3) Node is a CMD_NAME
We've finally arrived at the enginehouse of Minishell, the part of the program that executes. Before executing a command, we inspect everything that is on its right to make sure that input and output redirections are handled (if an error occurs during the i/o redirection step the command is not executed). Once redirections are setup we can execute the command.
There are two types of command:
1) Builtin Commands
A command that is implemented within Minishell itself, does not required calling another executable because the source code is inside Minishell.
2) Non-builtin (external) Commands
A command that we did not implement, requires calling `execve()` to be executed.

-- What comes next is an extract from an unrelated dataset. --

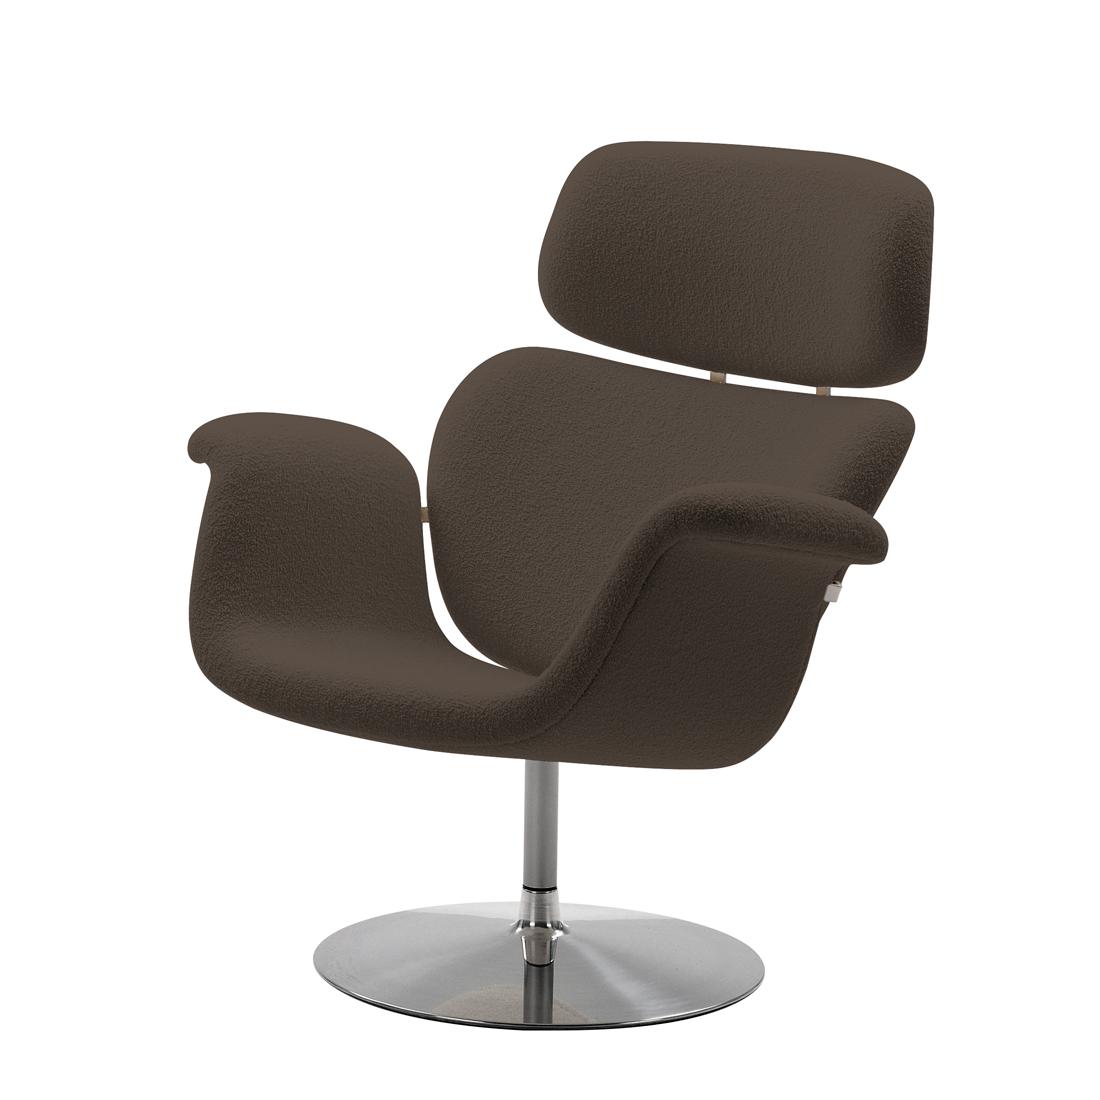 Artifort designer sessel schurwolle grau stuhl for Designer stuhl grau

- Handling builtins are easier since they are exist inside the program. We call `ft_strncmp` to see which builtin the command is and then call the appropriate function. Non-builtins require forking to be executed, whereas builtins (ordinarily) do not.
- To execute a binary file there are several functions that can be used, but Minishell project rules state only `execve` is allowed (probably because it is a syscall). When calling `execve`, the calling process will be REPLACED by the new process. We cannot, therefore, call `execve` from our main Minishell process because it would make Minishell vanish into the void. Since we would like to keep Minishell alive, we must create a duplicate of our process by calling the `fork()` function and in the resulting child process, call `execve`.
4) Node is a COMMAND
Based on our grammar (See [Minishell Grammar](#minishell-grammar)), a Command can be thought of as any actionable input on the command line separate by a pipe or the beginning or end of the command. Commands like `cat` or `ls` of course fall into this category but I/O redirections do as well. If we encounter a `COMMAND` node we inspect the left node of the tree to see what action has to be taken. If we find an I/O Redirection node we go back to point 2, if the left node is instead a `COMMAND_NAME` node we go to point 3.

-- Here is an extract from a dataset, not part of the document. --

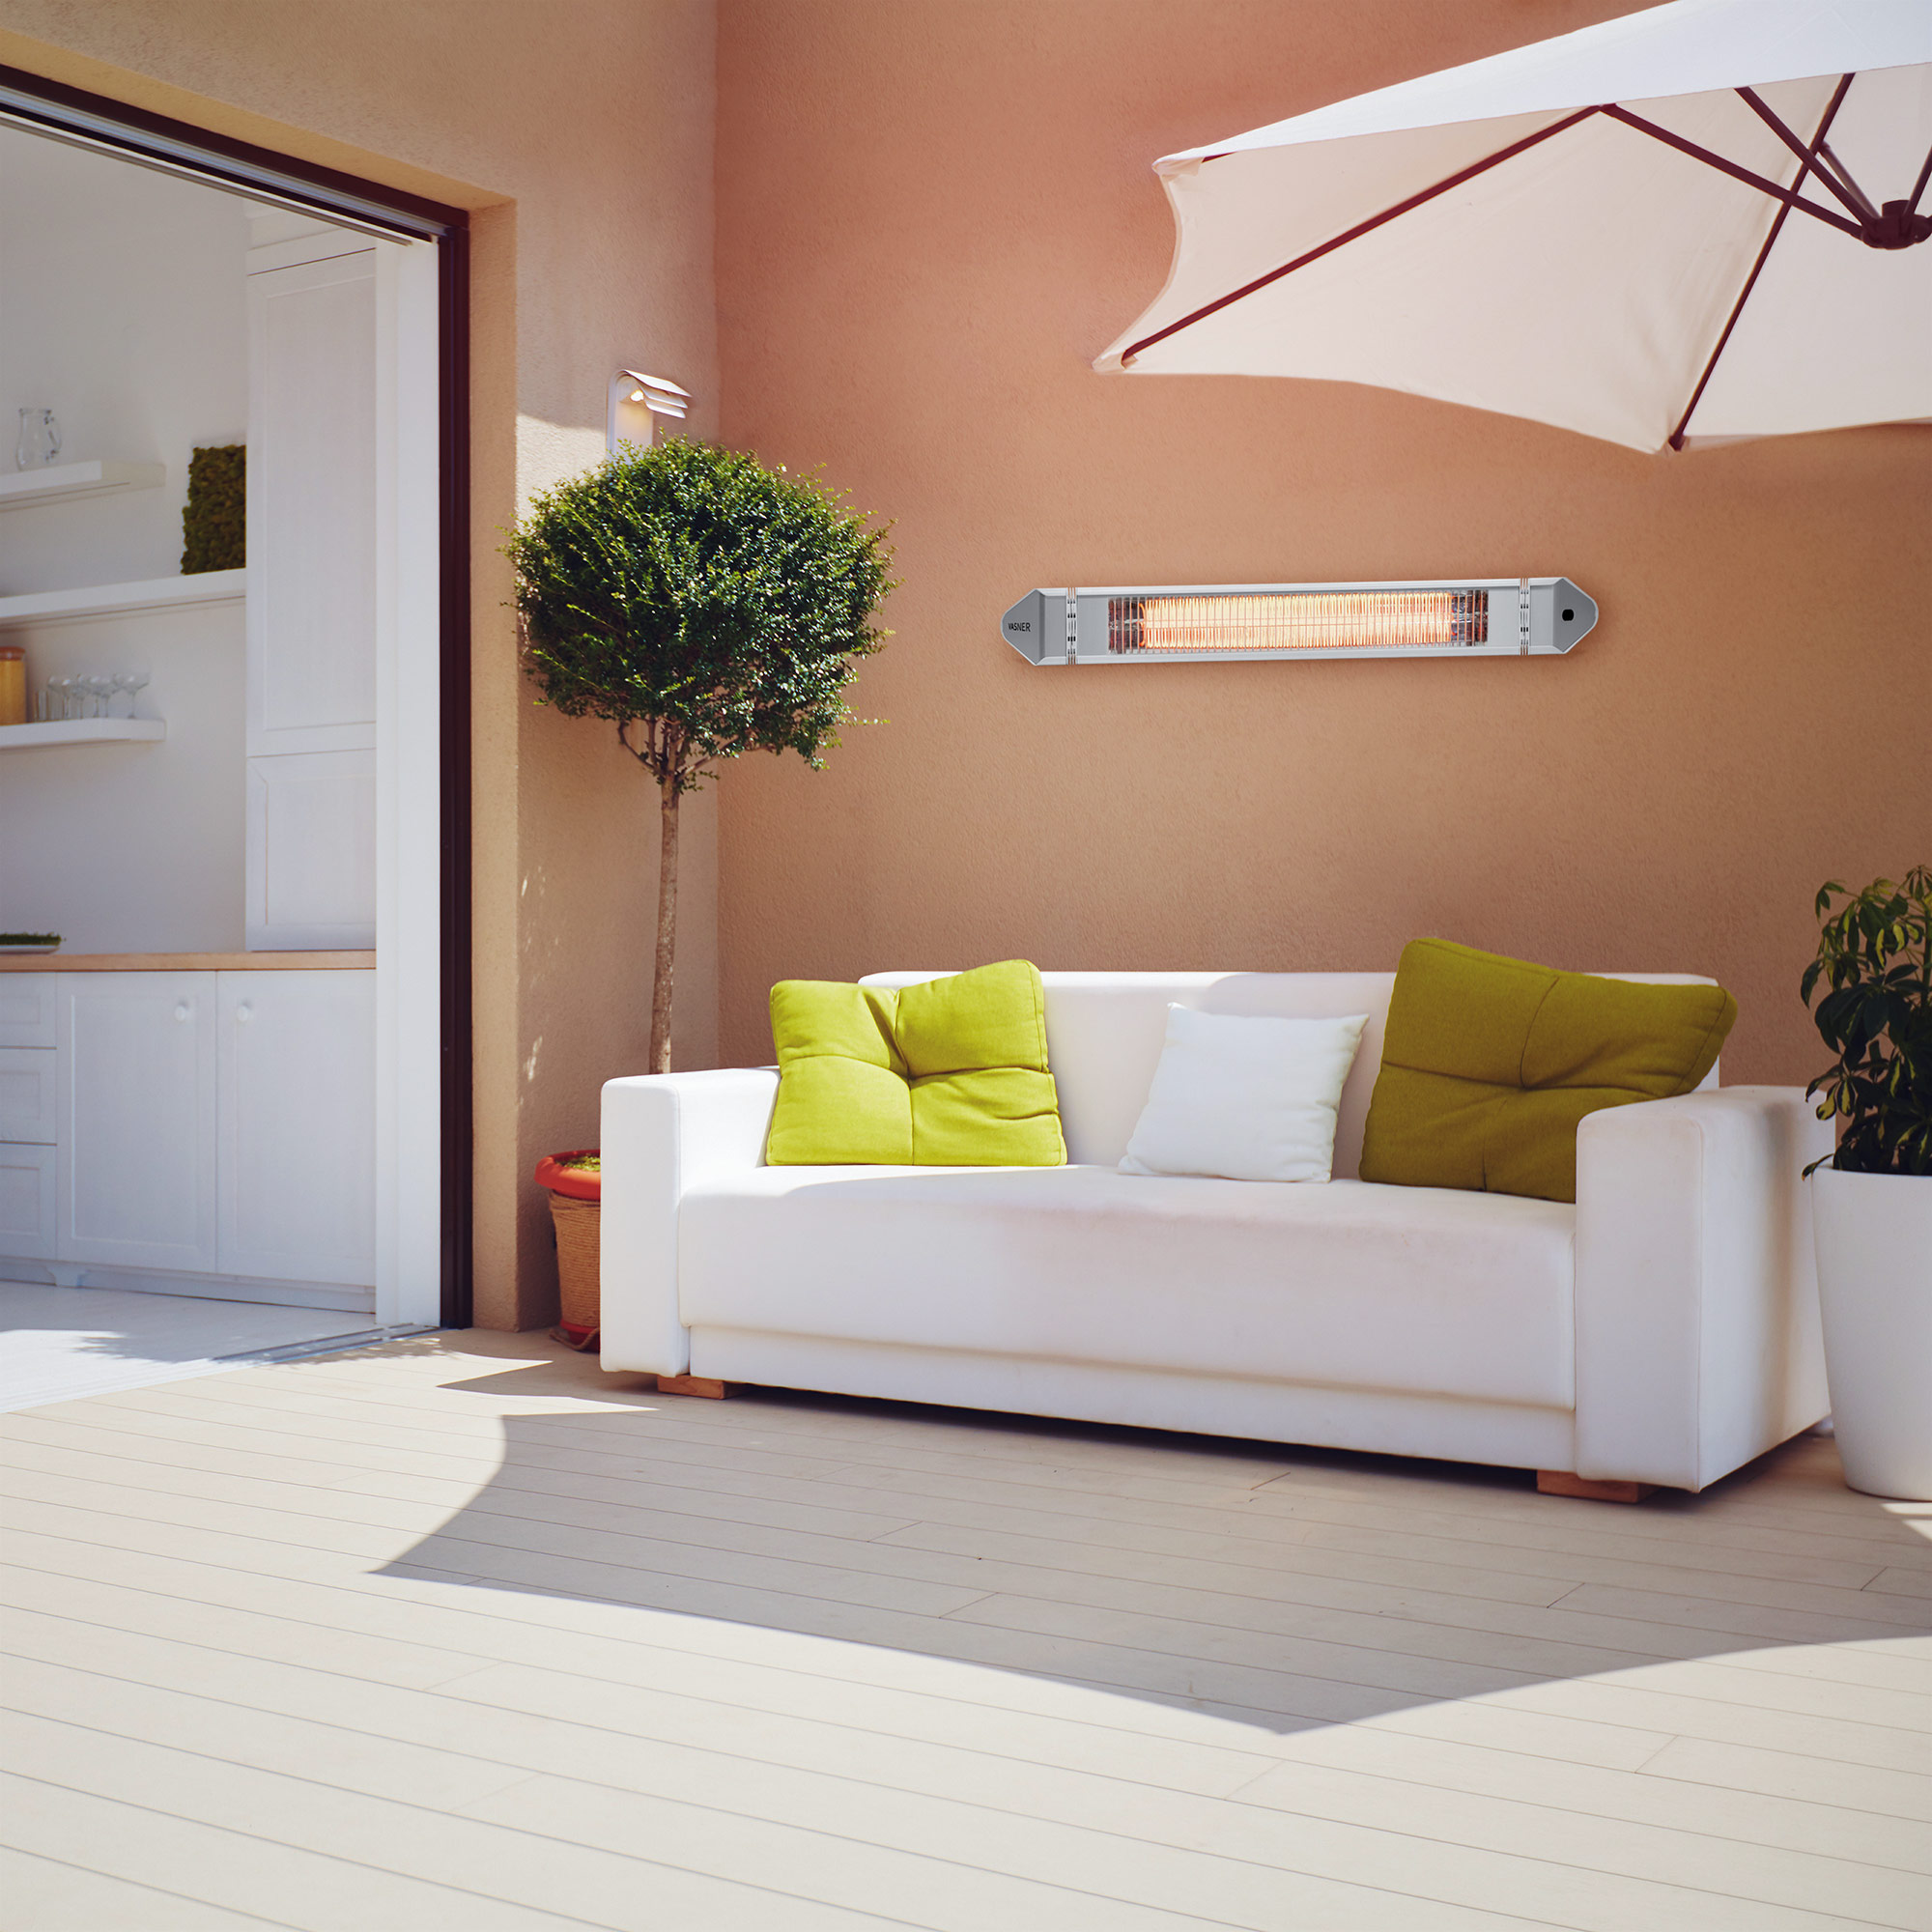 Electric infrared heater for patio, garden, balcony

The fundamental step that occurs in this section is the forking step. What we do is check if we need to fork (if we are inside a pipeline/the command is not a builtin) and react accordingly.
Once we finish traversing the tree we can call the function `wait_and_update_exit()` to make sure that all child processes return. The easiest way to achieve this is by calling `waitpid` in a loop.
`waitpid` is useful because it returns the pid of the process that exited and returns `-1` when there are no other process to wait for. Since we also stored the pid of the last process created we can compare the returning id with the `last_pid` to make sure we save the exit value of the last process created.
#### cat | ls
A newline alone isn't considered `EOF`.
What's really happening is that when you press return in this pipeline, the newline is causing the line buffering mechanism to flush input through the pipe. In a terminal, `cat` is still running and waiting for more input, but what's different in a pipeline is that pressing return is also causing the PIPE to be closed from the writing end when nothing is reading from the other end.
When `ls` completes (which is immediately), it closes its end of the pipe. Then when you press return, the pipeline detects this closed read end and triggers a `SIGPIPE` to the cat process, causing it to terminate.
So it's not that newline is being treated as EOF - rather, the newline is triggering the buffer flush that exposes the fact that nothing is reading from the pipe anymore, which then causes cat to receive SIGPIPE and exit.
This is why multiple cats in a pipeline need multiple returns - each cat needs to encounter this pipe closure situation separately as the signal propagates through the chain.
##### Pipe Buffering
Each pipe has a fixed buffer size, typically 64KB.
Utilities like `cat` are _block-buffered_ when connected to a pipe and _line-buffered_ when connected to a terminal.
This means that when `cat` is used in a pipe, data is buffered until either the buffer fills up or a flush is explicitly triggered (like when pressing return).
##### SIGPIPE
When a process tries to write to a pipe but no process is reading on the other end (the read end is closed), the kernel sends `SIGPIPE` to the writing process. This prevents processes from endlessly writing data that nothing will read.
This is a safety mechanism to prevent deadlocks and wasted resources in Unix pipelines.
So `ls` runs and exits immediately, closing the read end of the pipe.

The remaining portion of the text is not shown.